The function __kmpc_dispatch_next_4() returns true if there are more chunks (group of iterations) to be executed by the thread, otherwise it returns false.

Ideally we want to instrument each chunk with a pair of begin and end events.

The problem with the instrumentation is that there is no easy way of determining if the call to __kmpc_dispatch_next_4() is processing the first chunk, just after __kmpc_dispatch_init_4(), or is coming from other chunks due to the while loop.

Therefore, from the __kmpc_dispatch_next_4() alone, we cannot determine if we need to only emit a single "begin a new chunk" event or we need to emit the pair of events "finish the last chunk" and "begin a new one".

So, as a workaround, we emit an event from the end of __kmpc_dispatch_init_4() starting a new chunk (which is fake), and then from __kmpc_dispatch_next_4() we always emit the "finish the last chunk" and "begin a new one" events (unless there are no more chunks, in which case we don't emit the "begin a new one" event).

This will cause an spurious Work-distribution: Dynamic for chunk state at the beginning of each dynamic for, which should be very short and is not really a chunk.

Static for

The generated code of an static for has the following structure:

__kmpc_for_static_init_4(...);
for (i = ...; i <= ...; i++) {
    // User code ...
}
__kmpc_for_static_fini(...);

As this code is generated by the compiler we cannot easily add the begin/end pair of events to mark the Work-distribution: Static for chunk state.

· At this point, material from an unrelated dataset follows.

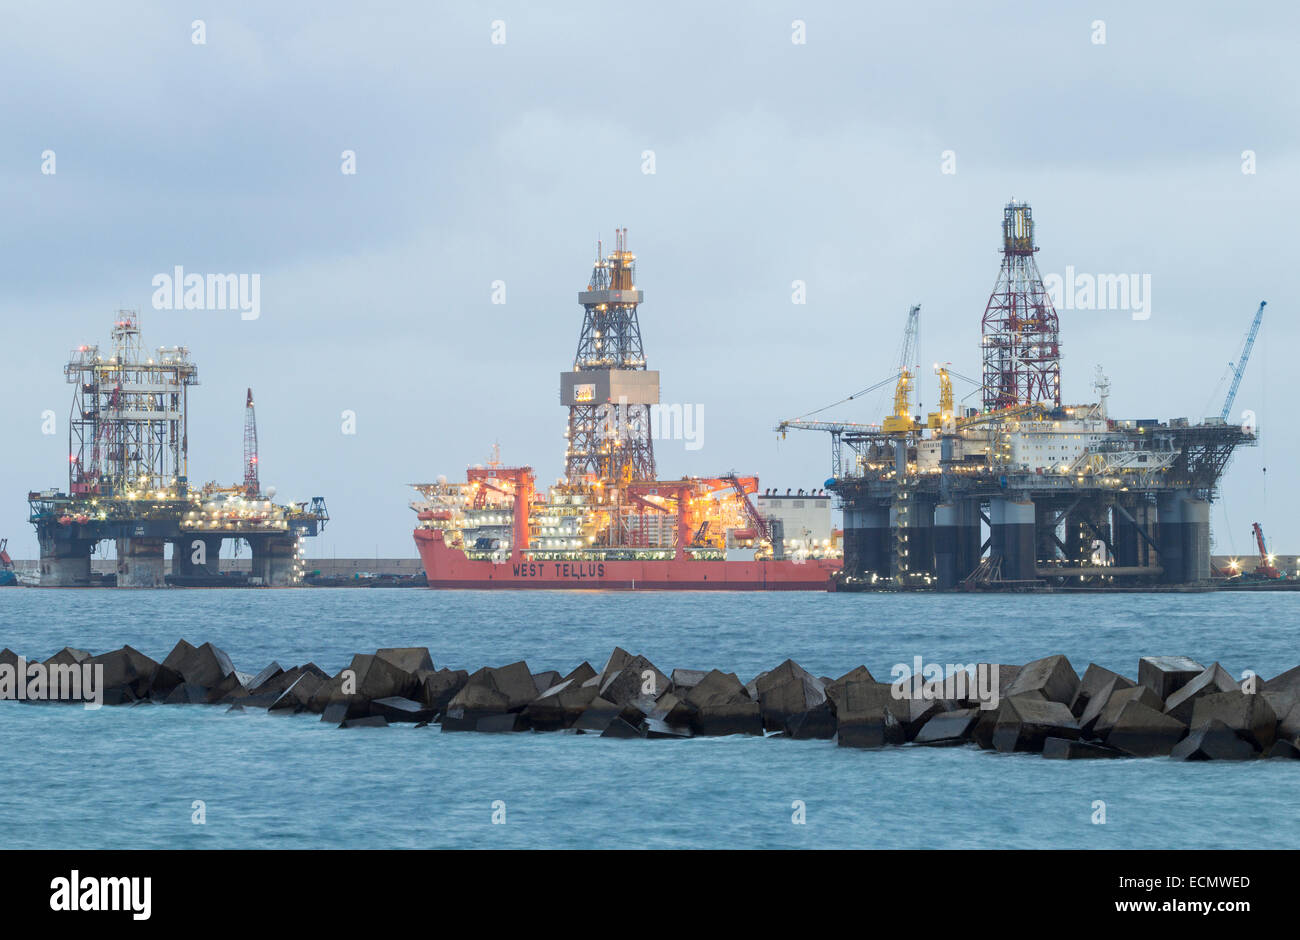 Las Palmas, Gran Canaria, Canary Islands, Spain. 17th December, 2014. Spanish Weather: Drilling platforms undergoing repairs in Las Palmas port on Gran Canaria as oil prices continue to fall. Stock Photo

We assume that by placing the "begin processing a chunk" event at the end of __kmpc_for_static_init_4() and the "end processing the chunk" event at the beginning of __kmpc_for_static_fini() is equivalent to adding the events surrounding the for loop.

Task if0

The generated code of an if0 task has the following structure:

... = __kmpc_omp_task_alloc(...);
__kmpc_omp_taskwait_deps_51(...); // If task has dependencies
__kmpc_omp_task_begin_if0(...);
// Call to the user code
omp_task_entry_(...);
__kmpc_omp_task_complete_if0(...);

Instead of injecting the begin and end events in the user code, we approximate it by placing the "begin if0 task" event at the end of the __kmpc_omp_task_begin_if0 function and the "end if0 task" event at the beginning of __kmpc_omp_task_complete_if0. This state will be shown as Task: Running task if0.